# Which island to go to?



## jamesy (Jun 22, 2008)

My dh and my ds 9yrs old and I want to go to the caribbean in October with another couple and their three kids aged 5, 8, and 10.  We haven't been to the Caribbean in a while and were wondering about which place to go that will have things for the kids to do that are fun and also relaxing for the parents.  We were thinking of Harborside Atlantis because it has a lot of activies but I think the kids would be ok with snorkeling and water sports plus beaches if there is another place that would have some of those things and not be as crowded as I've heard Atlantis can be.  Any suggestions would be great.  We are just now starting to plan and I know it isn't much time but would love to hear ideas.  Thanks!!!


----------



## tombo (Jun 22, 2008)

Atlantis has some special room rates right now.

http://www.atlantis.com/accommodations/specials.aspx?i=springspecialMulti&t=homepagescrap

You can get all-inclusive covering breakfast and supper, you eat lunch wherever you want on your own. I am not sure but I think they charge a pretty hefty price to use the resort's amenities if you aren't staying at Atlantis, and some pools slides etc are for Atlantis guests only (which includes Atlantis Harborside owners, I would check to make sure renters qualify). It is an expensive place to stay and visit, however it is a world class resort.
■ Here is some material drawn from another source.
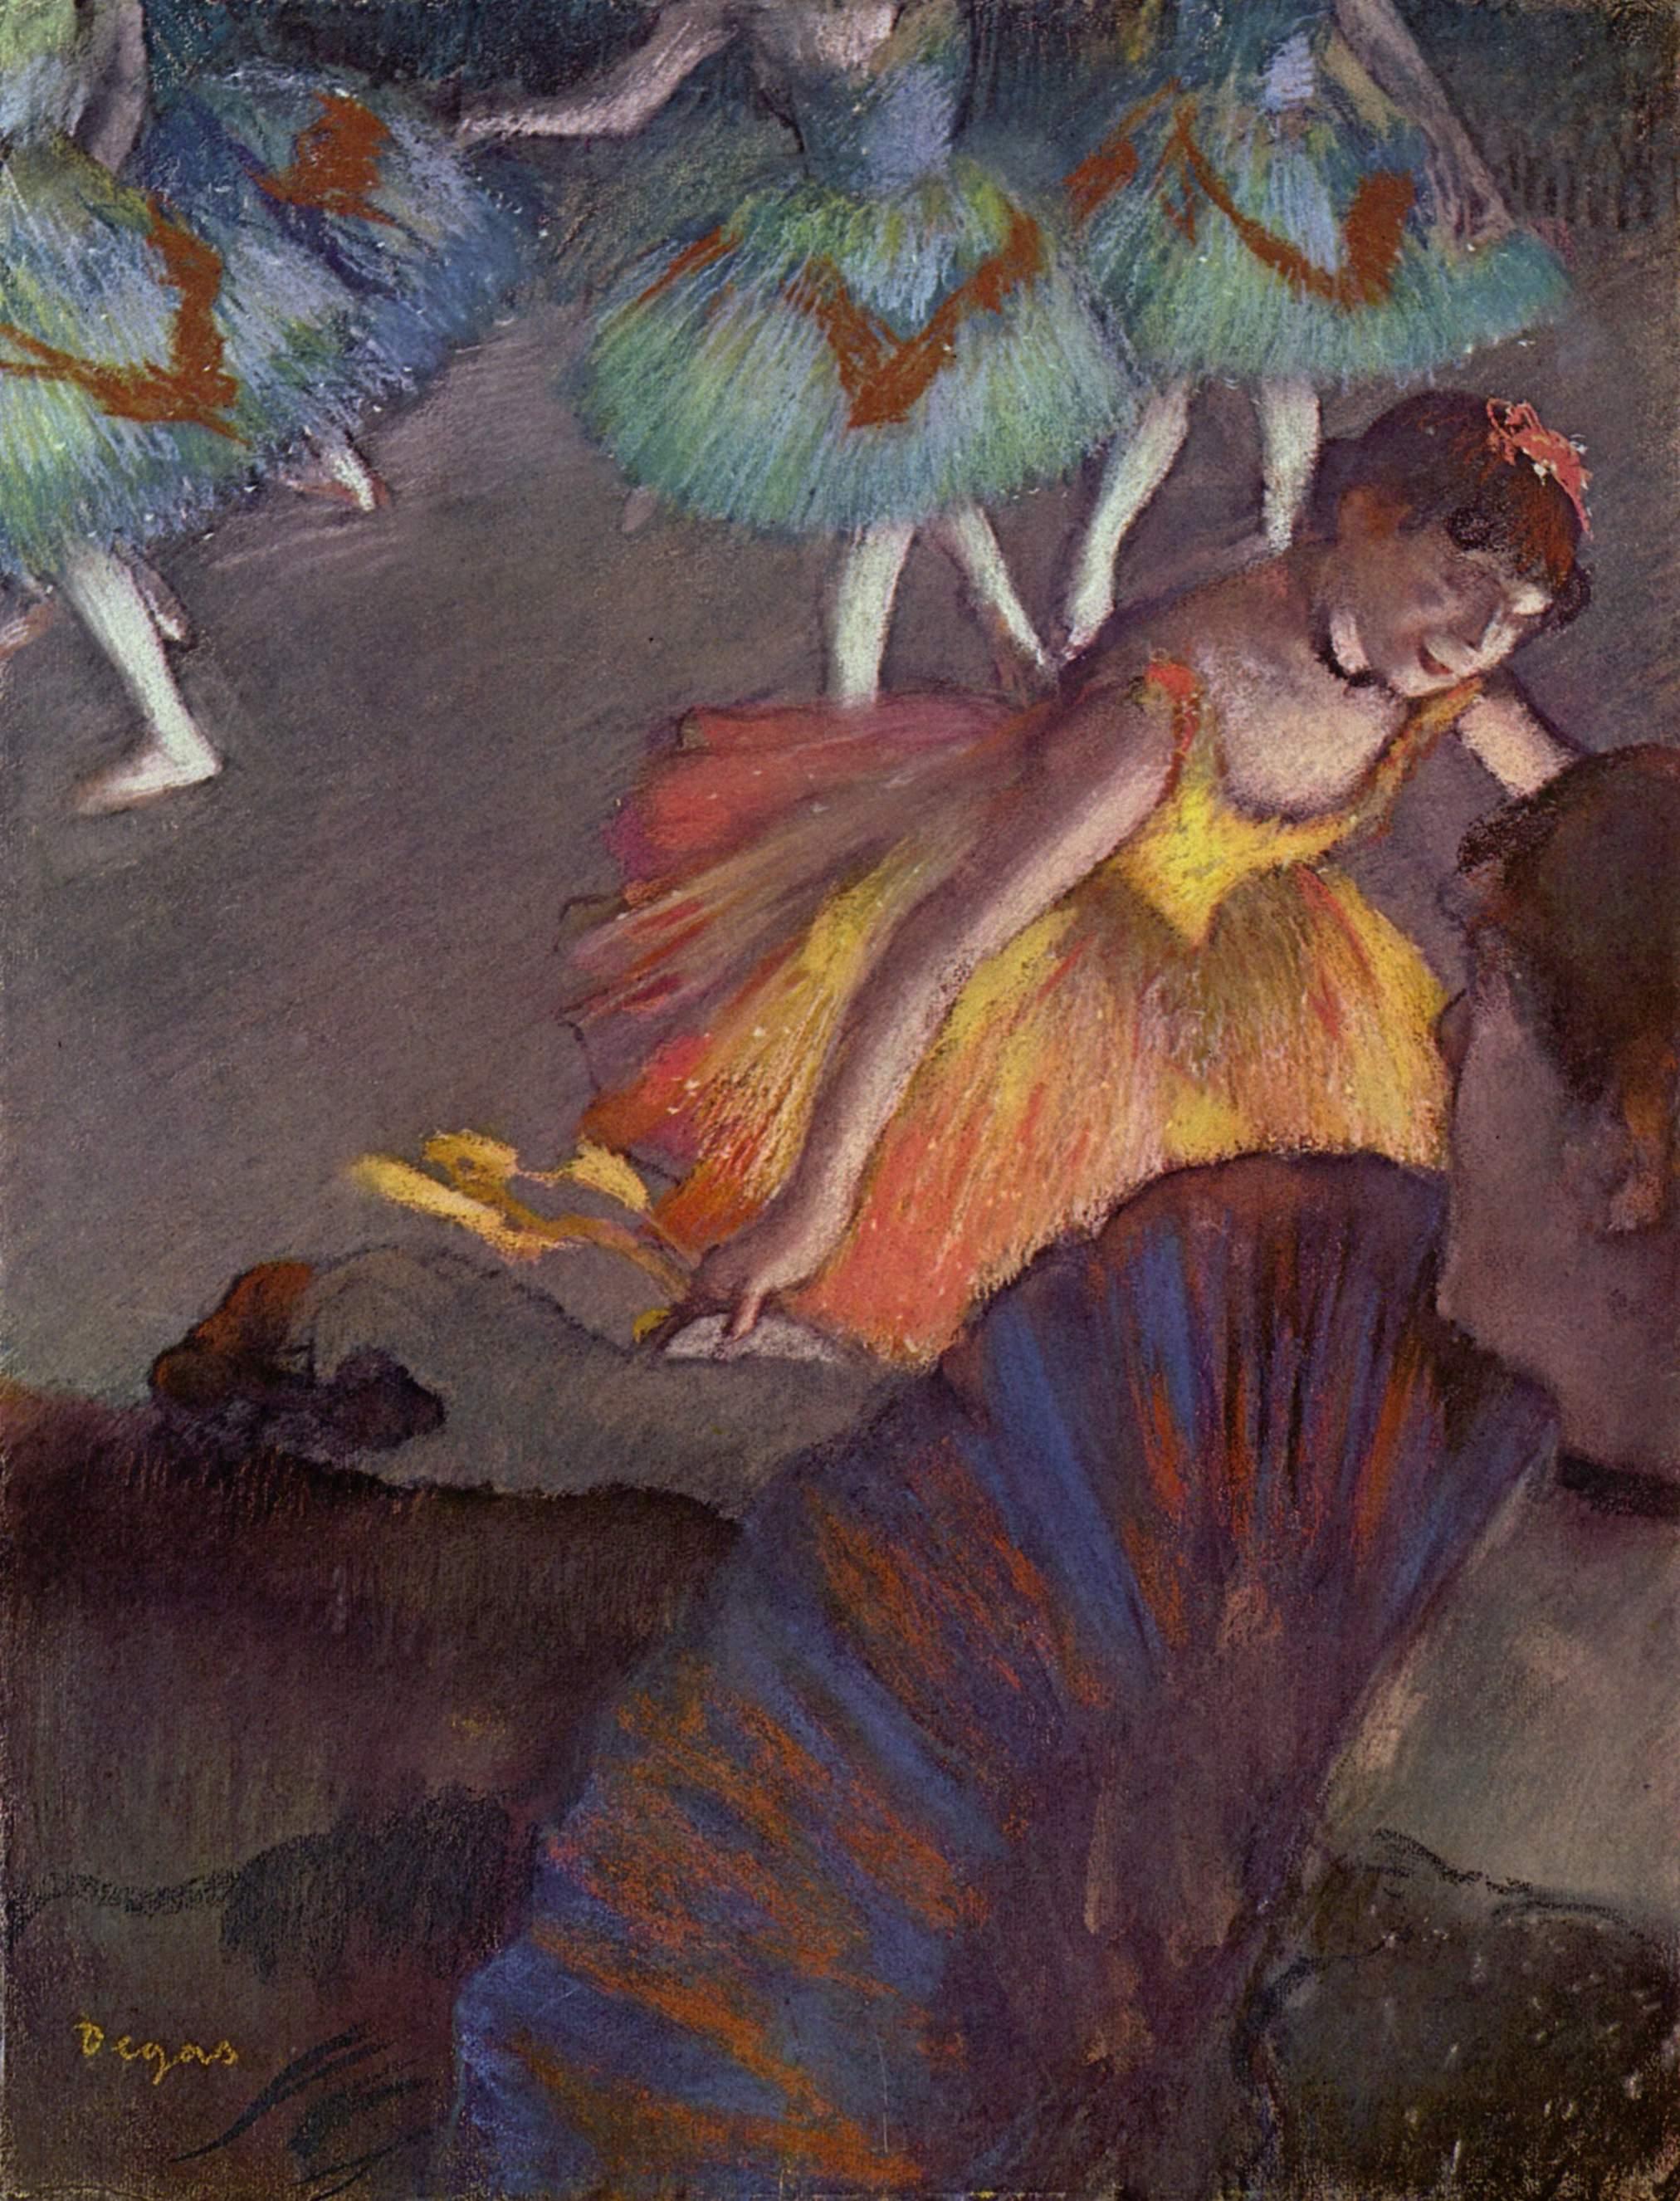 Fichier:Edgar Degas - Chasse de danse.jpg — Wikipédia

Special offer at harborside.

https://www.harborsideresort.com/previewOffers.php


----------



## jamesy (Jun 22, 2008)

I appreciate the reply.  I wondered about the renters and whether they can use same services as owners?  I love the look of the harborside and the whole of Atlantis looks gorgeous!! I will have to check into it more and see what we should do.  I would love to stay at the Harborside!!! Thanks again!


----------



## x3 skier (Jun 23, 2008)

www.cruisecritic.com has a board section on ports of call and there are always threads about Atlantis and how to use the facilities there when in port. Might give you some insight about how one gets in or is excluded and what is public and what is guest only.  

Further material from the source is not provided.